Sorry about the lack of empathy you are getting here from some posters - baffling - why on earth shouldn't you ask for advice? You try every avenue you can if you are worried about a child.

Mumsnet used to be a place to gather supportive help and knowledge not take the piss and laugh at your concerns. I've had a lot of informed help with issues surrounding my 4 kids over the 20 years I've been here. Very sad to see some of the replies on this thread.

midgemadgemodge · 08/05/2023 11:35

Painting nails carefully is a sign of self care rather than mental distress surely

LovelyJublee · 08/05/2023 11:38

40thmonarch · 08/05/2023 09:36

@7Worfs

What's wrong with anime and nanga pleaae.

My dd likes those and plays genshin.
I kmow quite a few teens also play this stuff?

Nothing is wrong with them, my dd is very much into manga, anime and Genshin is one of her fave games. She's loved these things since she a young teen and she's now 18 but she's the first to admit there's a lot of worrying behaviour among some of the males in the community.

We took her a anime/cosplay conventions and I've seen a a bit of a shift myself in the amount of creeps who seem to go, there were quite a lot of people (men) who made me feel very uncomfortable. She hasn't been to any since pre covid and she had fun at the ones she did go to but I was very aware of the amount of bearded males, many middle aged, dressed in skimpy sailor moon outfits who would walk into the women's toilets where teenage girls like dd would be changing their cosplay outfits in the toilets.

Dds friend came with us a few times and she went off to buy a anime figurine but remained in my vision and it was maybe two minutes and a bloke in a skimpy outfit approached and i immediately made my way to her,I could see him touching her outfit and as I got closer he was asking her how she made it and asked if he could add her on social media so she could give him tips on costume making and I interjected and said absolutely not and suggested he chat to the many men and women in amazing handmade costumes who are his own age and ask for costume making tips and he called me a bigoted cunt and stormed off. Dds friend was a bit mad at me because she said he was just trying to be her friend. Also spotted quite a few older male "photographers" who were only asking teenage girls and young women in revealing outfits to pose for photos.

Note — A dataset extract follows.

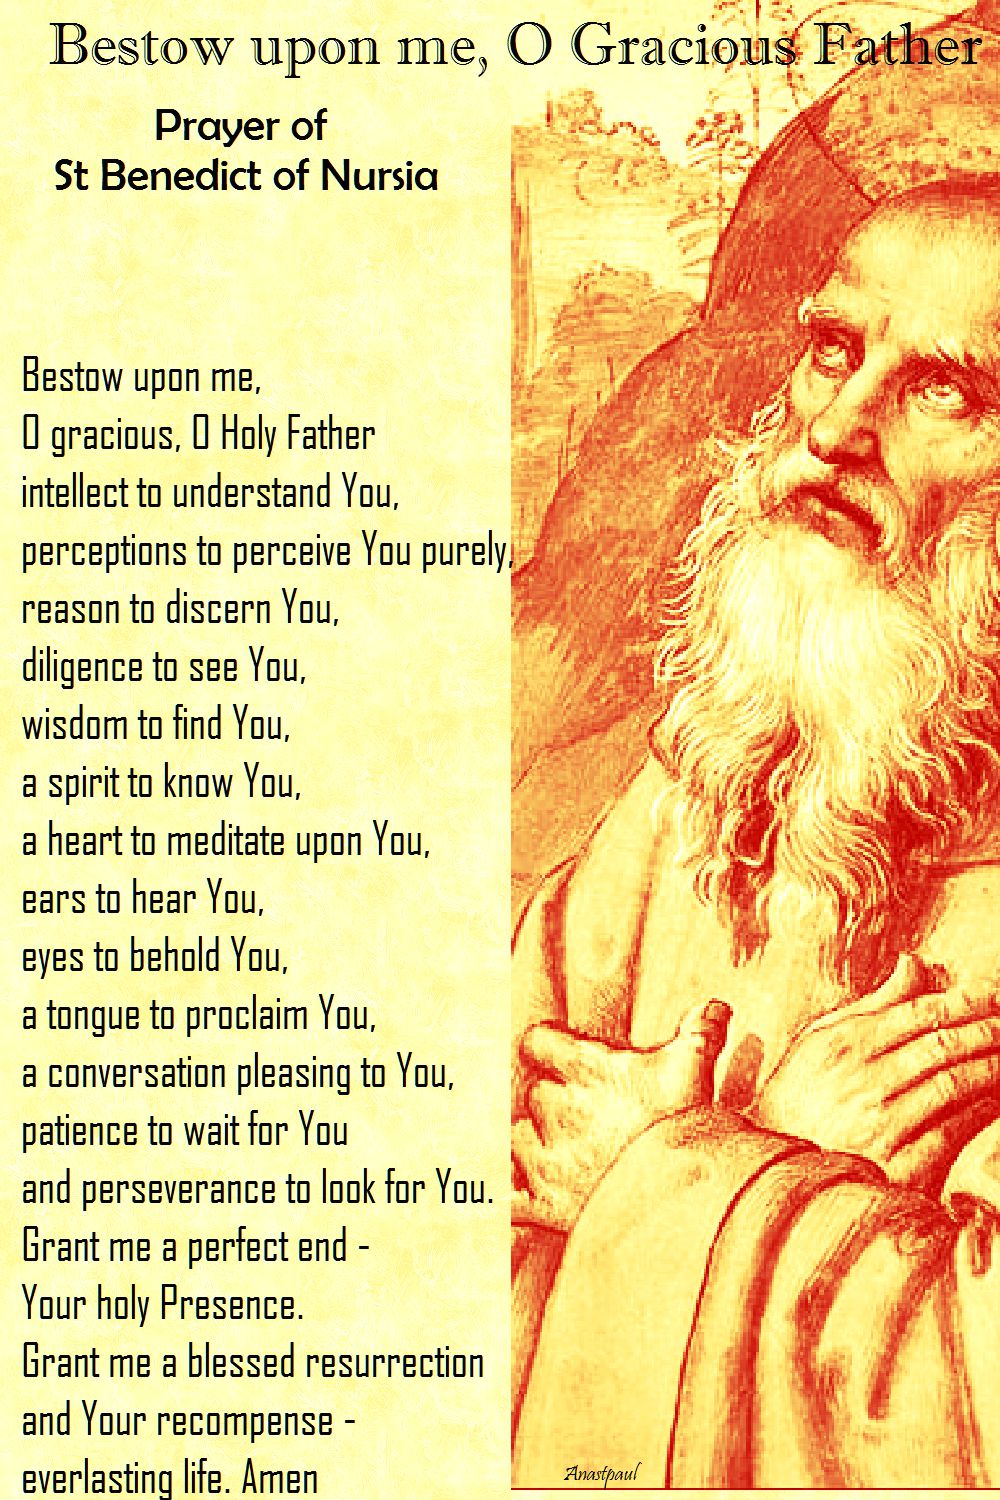 bestow upon me o gracious father - prayer of st benedict

Not saying for one second anime/manga and cosplay can't be enjoyed by adult males or females, it's just with what I have seen with my own eyes over the last five years or so and what dd tells me about the online communities she has been part of, there's an demographic of the community who seem to get a sexual thrill from being in anime cosplay and who seem to prefer the company of teenagers in these communities.

Pinkydamage · 08/05/2023 11:40

midgemadgemodge · 08/05/2023 11:35

Painting nails carefully is a sign of self care rather than mental distress surely

Yes, I think so, that's why I explained the context with the hair. It could be a good sign, that he's showing some interest. I also wondered whether I might be being naive and he's involved in some cult or something!

OP posts:
TheMarzipanDildo · 08/05/2023 11:46

Cakeoutintherain · 08/05/2023 10:54

He is trying to be alternative, the odd thing about trying to be alternative is quite often the sort of things done mean it’s a uniform but just of another ilk.

MN is incredibly liberal in things like this, whatever way people want to express themselves in dress or make up is fine.

Personally I would wonder why the attention seeking because it is a change and as much as MN falls over itself out to be open minded you wondering is actually fine to ask.

So it probably means not much at all but I see people are enjoying feeling superior and making out you are something out of the Ark. it was a perfectly ok question.

There’s nothing especially out of the ordinary about a lad painting his nails. I have very well adjusted non attention seeking male friends who do that. I suppose what OP might be worried about is him doing stuff that is out of the ordinary for him, but this actually sounds pretty in keeping.